Detroit, MI — Detroit’s Emergency Manager, Kevyn Orr, has made his first report. The trends that caused the Detroit decline include a population decline of 250,000 from 2000-2010, declining tax revenues, a vast geographical space to maintain and the devastation in Michigan caused by 400,000 workers put out of manufacturing jobs in the 2007-2009 Great Recession who have yet to return to work.  Detroit is heavily in debt with bond payments, retiree pensions and health care obligations and inadequate tax revenue to meet its obligations.
Kevyn Orr was brought in through a new Emergency Manager law that was forced through the Michigan Legislature in a lame duck session, despite Michigan voters’ rejection of emergency managers in 77 of 83 counties in November, 2012.  Bondholders and their legislator minions, bought forth with campaign donations, have decided what’s best for us.  Kevyn Orr will cut costs, privatize services and guarantee payments to bondholders.  If the workers don’t agree to the austerity, he will impose it with a dictator’s pen, signing away Detroit assets in bankruptcy court.

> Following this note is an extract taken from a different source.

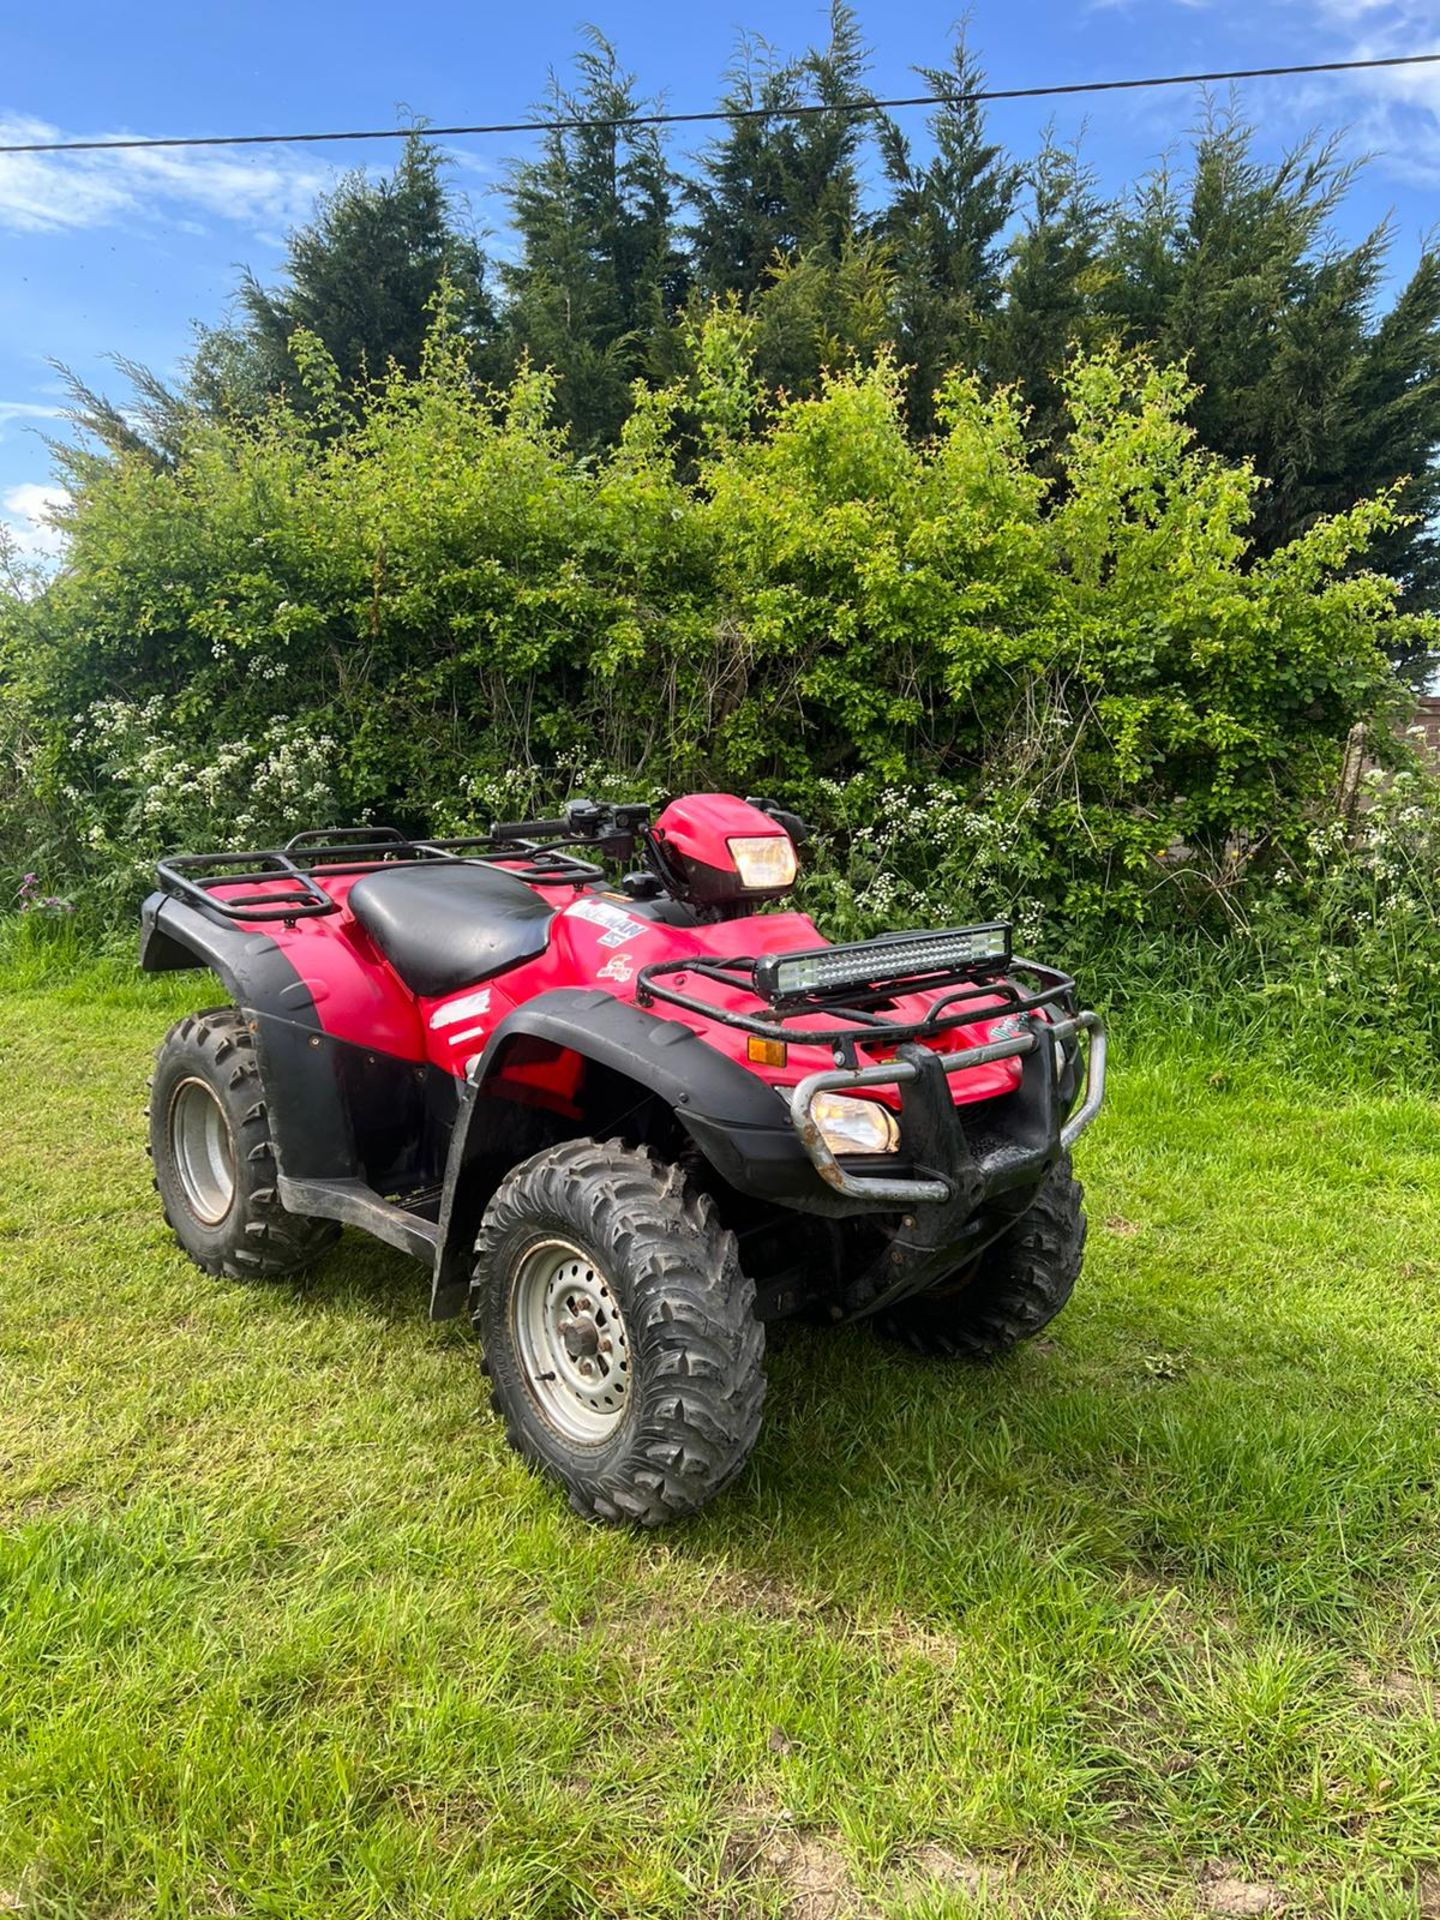 HONDA FORMAN 500 FARM QUAD, SELECTABLE 2 and 4 WHEEL DRIVE, IN GOOD CONDITION "PLUS VAT" - Image 2 of 12

Democracy has always been for property holders in the USA, characterized by small business owners making campaign donations and electing legislators to make laws to support their corporate needs and build better communities for their families.  Now that automation of manufacturing has eliminated the age of the “Mom and Pop” business and millions of jobs, large corporations are taking over all areas of the economy, democracy is just getting in the way.
And workers are becoming permanently unemployed, where small businesses are driven out and owners are converted into workers, the State of Michigan has responded to the “needs” of the largest corporations and has trained 400 emergency managers to “lead” us out of trouble.  Why will they stop at Detroit?
Benton Harbor suffered a theft of public lands under their emergency manager, leaving the city without its crown jewel, valuable lakefront land. Now they have a luxury golf course and marina development for the wealthy without significant tax revenue or jobs as Jean Klock Park was privatized into the Harbor Shores Development.
Valuable development land along the Michigan coastline is a target of the emergency manager law and will strip communities of their valuables without tax revenues to pay their bills or assets for their future.  Michigan Governor Rick Snyder is dedicated to helping corporations capture all our natural wealth.  More emergency manager courses are being started up all over the country as the Michigan model will be extended to the nation.
The solution lies in nationalization of productive assets such as factories, banks, schools, hospitals and natural wealth such as fresh water, mineral deposits and energy resources in the people’s interests.  Production for maximum profit is at odds with the reality of shrinking markets as consumers cannot consume enough to support the profits of past years.   If productive assets were held collectively, production and distribution of necessaries of life without the requirement of profit could resolve budget deficits and people’s suffering for all time.